The following example for this recipe demonstrates taking these steps to create, modify, and then optimize an index.

namespace Lucene.NET.HowTo._12_MergeAndOptimize {
// ...
// build facade and an initial index of 5 documents
var facade = new LuceneDotNetHowToExamplesFacade()
.buildLexicographicalExampleIndex(maxDocs: 5)
.createIndexWriter();
// report MaxDoc and NumDocs
Trace.WriteLine(
string.Format("MaxDoc=={0}", facade.IndexWriter.MaxDoc()));
Trace.WriteLine(
string.Format("NumDocs=={0}",
facade.IndexWriter.NumDocs()));
// delete one document
facade.IndexWriter.DeleteDocuments(
new Term("filename", "0.txt"));
facade.IndexWriter.Commit();
// report MaxDoc and NumDocs
Trace.WriteLine("After delete / commit");
Trace.WriteLine(string.Format(
"MaxDoc=={0}", facade.IndexWriter.MaxDoc()));
Trace.WriteLine(string.Format(
"NumDocs=={0}", facade.IndexWriter.NumDocs()));
// optimize the index
facade.IndexWriter.Optimize();
// report MaxDoc and NumDocs
Trace.WriteLine("After Optimize");
Trace.WriteLine(string.Format(
"MaxDoc=={0}", facade.IndexWriter.MaxDoc()));
Trace.WriteLine(string.Format(
"NumDocs=={0}", facade.IndexWriter.NumDocs()));
Trace.Flush();
// ...
}

How it works…

When this program is run, you will see output similar to that in the following screenshot:

This program first creates an index with five files.

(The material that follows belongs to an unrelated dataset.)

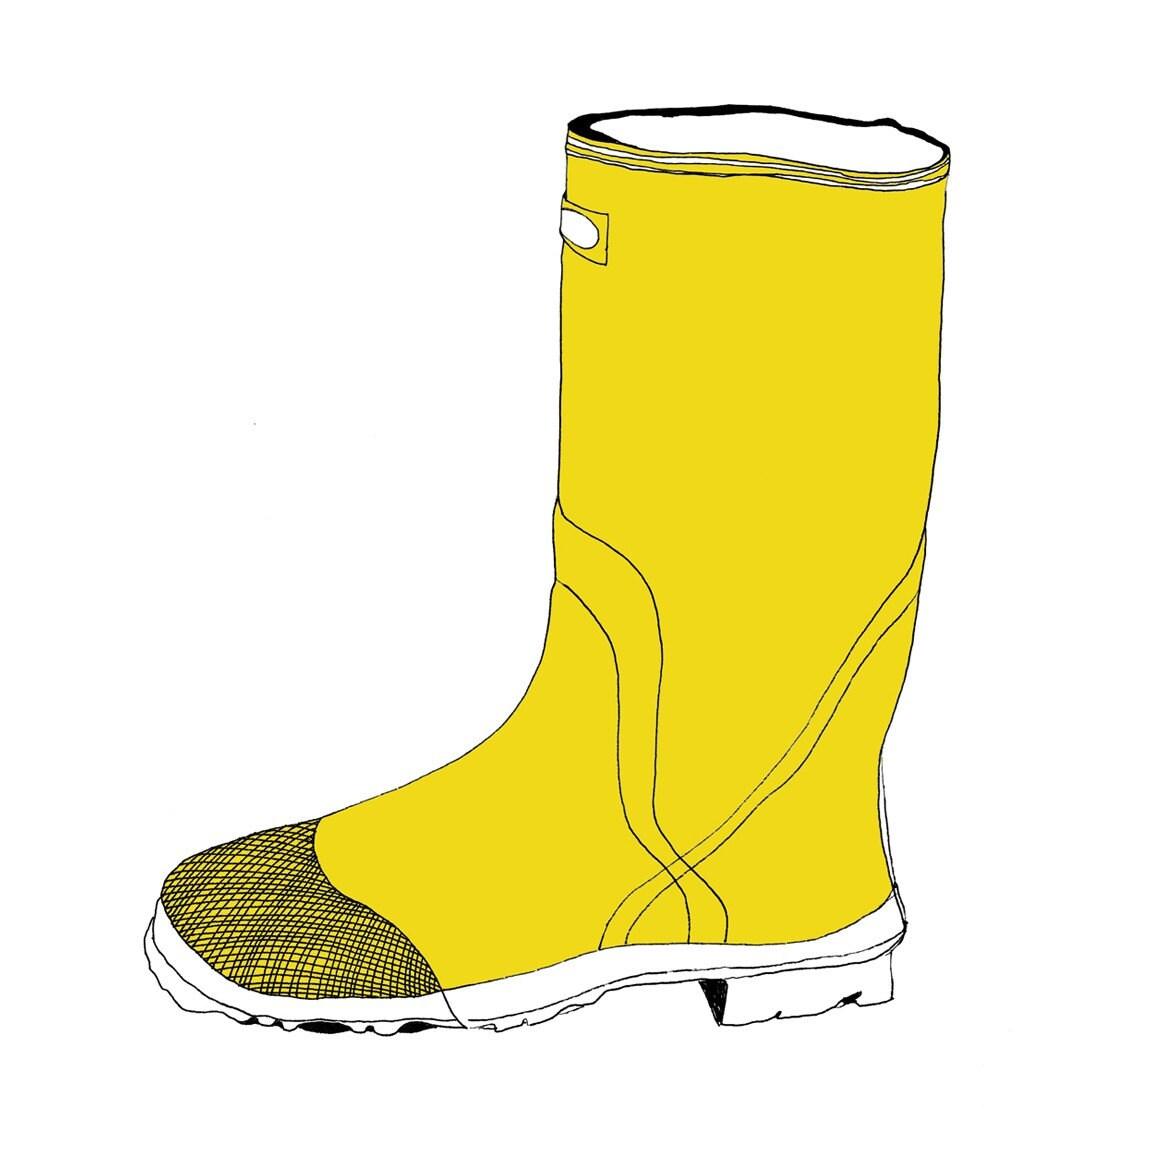 My favorite yellow boot - print

It then reports the values of the MaxDoc and NumDocs properties of the instance of IndexWriter. MaxDoc represents the maximum number of documents that have been stored in the index. It is possible to add more documents, but that may incur a performance penalty by needing to grow the index. NumDocs is the current number of documents stored in the index. At this point these values are 5 and 5, respectively.

The next step deletes a single document named 0.txt from the index, and the changes are committed to disk. MaxDoc and NumDocs are written to the console again and now report 5 and 4 respectively. This makes sense as one file has been deleted and there is now "slop" in the index where space is being taken up from a previously deleted document. The reference to the document index information has been removed, but the space is still used on the disk.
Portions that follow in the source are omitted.